### Heroes Of Pymoli Data Analysis
* Of the 1163 active players, the vast majority are male (84%). There also exists, a smaller, but notable proportion of female players (14%).

* Our peak age demographic falls between 20-24 (44.8%) with secondary groups falling between 15-19 (18.60%) and 25-29 (13.4%).  
-----

### Note
* Instructions have been included for each segment. You do not have to follow them exactly, but they are included to help you think through the steps.

In [1]:
# import pandas and os
import pandas as pd
import os

# define file path to open purchase data
file_purchase_data = os.path.join("Resources", "purchase_data.csv")

# Read purchase data file and store into Pandas data frame
purchase_data_df = pd.read_csv(file_purchase_data)
purchase_data_df

Unnamed: 0,Purchase ID,SN,Age,Gender,Item ID,Item Name,Price
0,0,Lisim78,20,Male,108,"Extraction, Quickblade Of Trembling Hands",3.53
1,1,Lisovynya38,40,Male,143,Frenzied Scimitar,1.56
2,2,Ithergue48,24,Male,92,Final Critic,4.88
3,3,Chamassasya86,24,Male,100,Blindscythe,3.27
4,4,Iskosia90,23,Male,131,Fury,1.44
...,...,...,...,...,...,...,...
775,775,Aethedru70,21,Female,60,Wolf,3.54
776,776,Iral74,21,Male,164,Exiled Doomblade,1.63
777,777,Yathecal72,20,Male,67,"Celeste, Incarnation of the Corrupted",3.46
778,778,Sisur91,7,Male,92,Final Critic,4.19


## Player Count

* Display the total number of players


In [2]:
player_count = len(purchase_data_df["SN"].unique())
total_players_df = pd.DataFrame({"Total Players": [player_count]})
total_players_df

Unnamed: 0,Total Players
0,576


## Purchasing Analysis (Total)

* Run basic calculations to obtain number of unique items, average price, etc.


* Create a summary data frame to hold the results


* Optional: give the displayed data cleaner formatting


* Display the summary data frame


In [3]:
item_count = len(purchase_data_df["Item Name"].unique())
average_purchase_price = round(purchase_data_df["Price"].mean(),2)
number_of_purchases = len(purchase_data_df["Purchase ID"])
total_revenue = purchase_data_df["Price"].sum()
purchasing_anaysis_df = pd.DataFrame({"Number of Unique Items": [item_count],
                                      "Average Price": [average_purchase_price],
                                      "Number of Purchases": [number_of_purchases],
                                      "Total Revenue": [total_revenue]
                                     })

purchasing_anaysis_df

Unnamed: 0,Number of Unique Items,Average Price,Number of Purchases,Total Revenue
0,179,3.05,780,2379.77


## Gender Demographics

* Percentage and Count of Male Players


* Percentage and Count of Female Players


* Percentage and Count of Other / Non-Disclosed




In [4]:
player_data_df = purchase_data_df.loc[:,["SN", "Age", "Gender"]]
player_data_df.sort_values("SN", inplace = True)
player_data_df.drop_duplicates(subset = None, keep = 'first', inplace = True)
total_players = len(player_data_df)
gender_df = player_data_df.set_index("Gender")

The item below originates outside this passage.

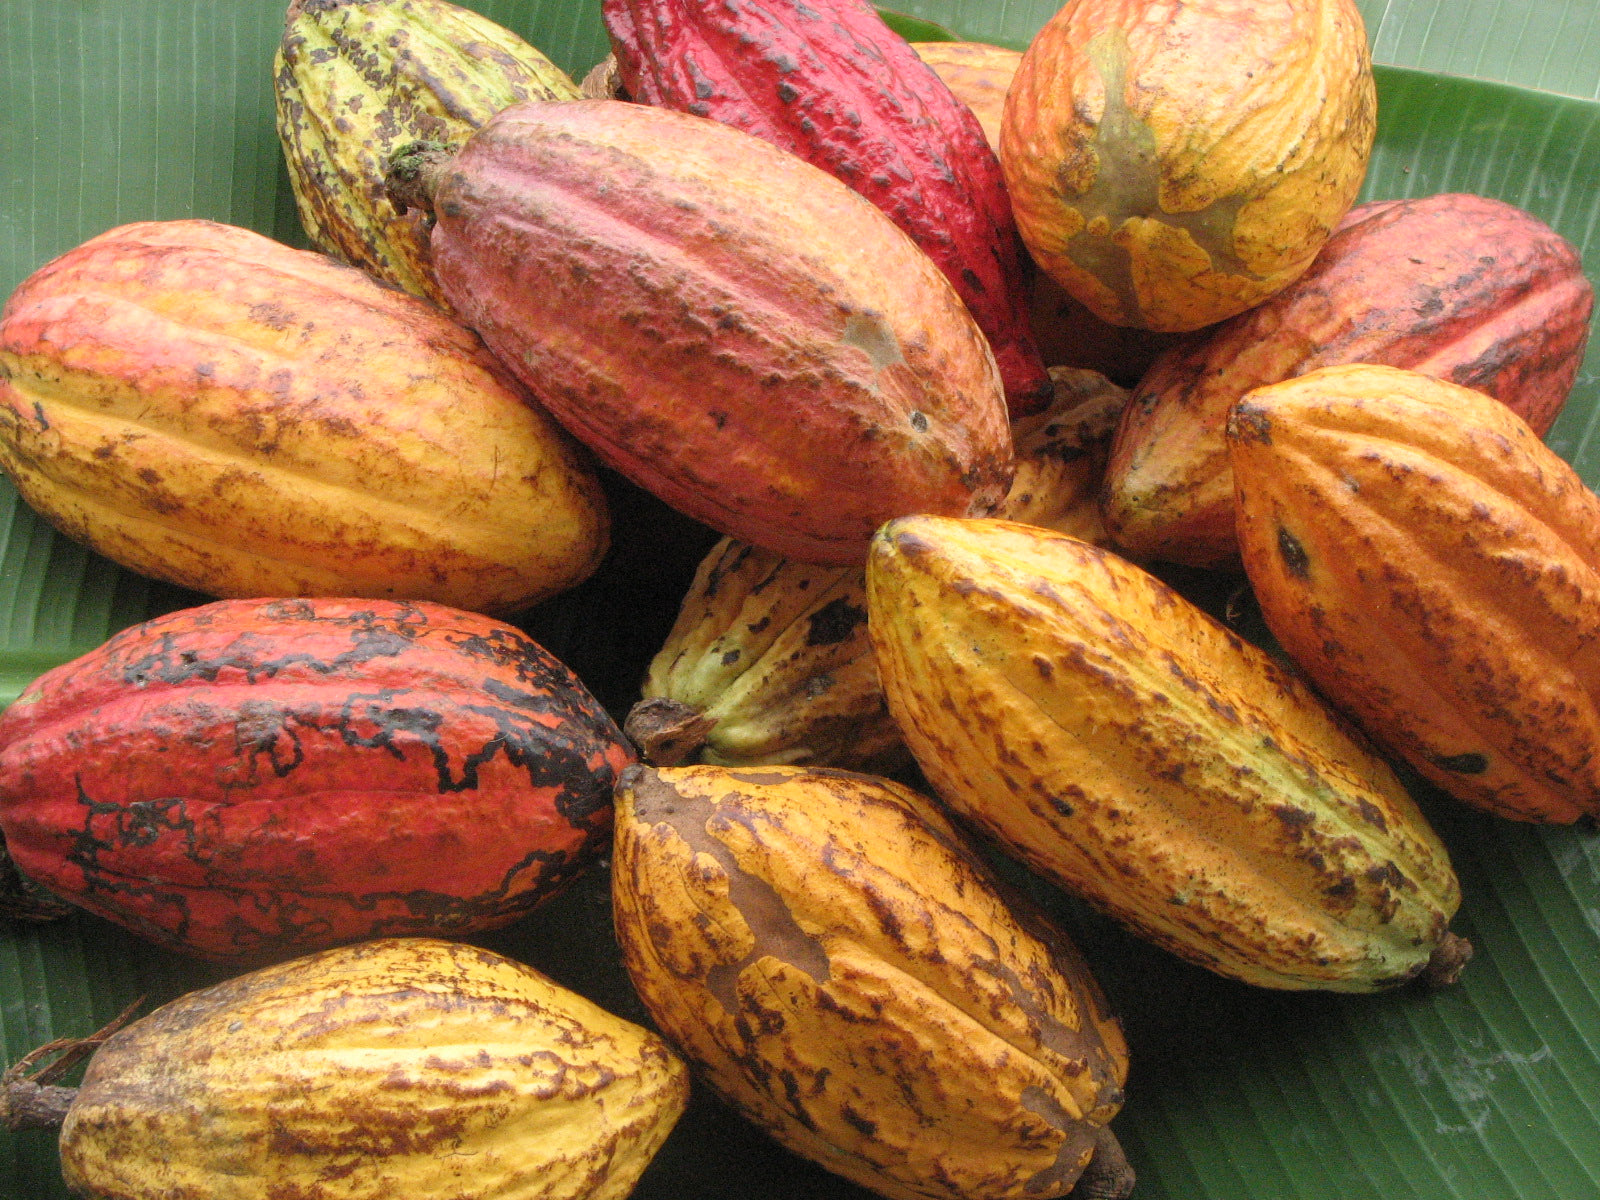 Ceremonial Cacao Is About More than Just Genetics

female_players = gender_df.loc["Female", "SN"]
male_players = gender_df.loc["Male", "SN"]
other_players = gender_df.loc["Other / Non-Disclosed", "SN"]

demograph_gend_df = pd.DataFrame({"Gender": ["Male", "Female", "Other / Non-Disclosed"],   
                             "Total Count": [len(male_players), len(female_players), len(other_players)],
                             "Percentage of Players": [len(male_players) / total_players, len(female_players) / total_players, len(other_players) / total_players]
                            })

demograph_gend_df = demograph_gend_df.set_index("Gender")
demograph_gend_df


Unnamed: 0_level_0,Total Count,Percentage of Players
Gender,Unnamed: 1_level_1,Unnamed: 2_level_1
Male,484,0.840278
Female,81,0.140625
Other / Non-Disclosed,11,0.019097



## Purchasing Analysis (Gender)

* Run basic calculations to obtain purchase count, avg. purchase price, avg. purchase total per person etc. by gender




* Create a summary data frame to hold the results


* Optional: give the displayed data cleaner formatting


* Display the summary data frame

In [5]:
purch_by_male_df = purchase_data_df.loc[purchase_data_df["Gender"] == "Male",:]
purch_by_female_df = purchase_data_df.loc[purchase_data_df["Gender"] == "Female",:]
purch_by_other_df = purchase_data_df.loc[purchase_data_df["Gender"] == "Other / Non-Disclosed",:]
group_by_male_df = purch_by_male_df.groupby(["SN"])
group_by_female_df = purch_by_female_df.groupby(["SN"])
group_by_other_df = purch_by_other_df.groupby(["SN"])
total_by_male = group_by_male_df["Price"].sum()
total_by_female = group_by_female_df["Price"].sum()
total_by_other = group_by_other_df["Price"].sum()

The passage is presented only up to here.